In 2007, Mafongoya joined UKZN as a professor of agriculture, earth and environmental sciences. Since 2015, he has served as the SARChI chair in agronomy and rural development. He leads a research group that focuses on tropical resources, ecology, environment and climate, crop-livestock integration, and sustainable agriculture. He has mentored over 100 postgraduate students and postdoctoral fellows. He has collaborated with various national and international institutions and networks, including the AAS, the ZAS, the InterAcademy Partnership, the Network of African Science Academies, and the African Union.

==Selected publications==
Mafongoya has authored over 290 works, including 190 articles in peer-reviewed journals, 49 chapters in peer-reviewed books, and 2 books. Some of his most cited works include:
- Giller, Ken E. (2015). "SSSA Special Publications"
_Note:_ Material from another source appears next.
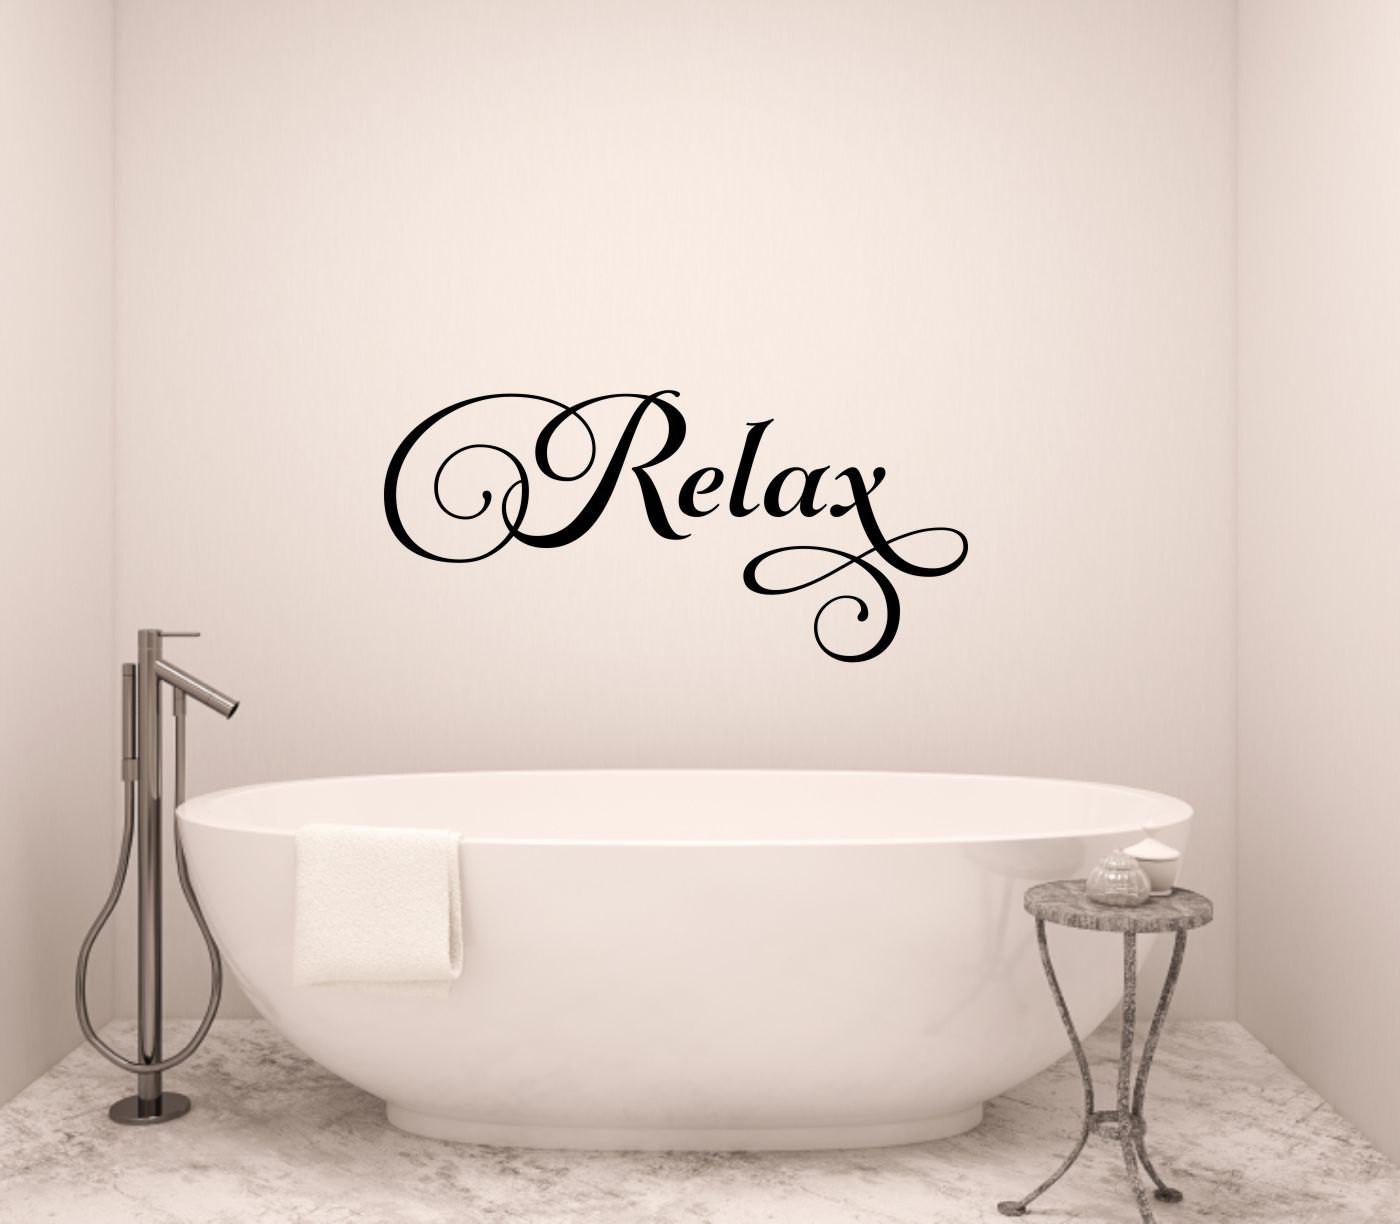 Wall Decals For Bathroom
 Relax Wall Decal Bathroom Wall Decal Bathroom Vinyl Decal

- Mafongoya, P. L. (1997). "Decomposition and nitrogen release patterns of tree prunings and litter"
- Snapp, S.S (1998). "Organic matter technologies for integrated nutrient management in smallholder cropping systems of southern Africa"
- Palm, Cheryl A. (2001). "[No title found]"
- Mafongoya, P. L. (2007). "Appropriate technologies to replenish soil fertility in southern Africa"

==Awards and honours==
Paramu Mafongoya has received several recognitions for his contributions to science and society. He was named a Fellow of the Zimbabwe Academy of Sciences in 2013 and the African Academy of Sciences in 2018. He served as the vice-president of the Zimbabwe Academy of Sciences from 2017 to 2019. He was the president of the Soil Science Society of South Africa from 2015 to 2017, and its vice-president from 2013 to 2015. He became a member of the Academy of Science of South Africa in 2012, The World Academy of Sciences in 2010, the International Union of Soil Sciences in 2008, the Soil Science Society of America in 2007, and the American Society of Agronomy in 2007.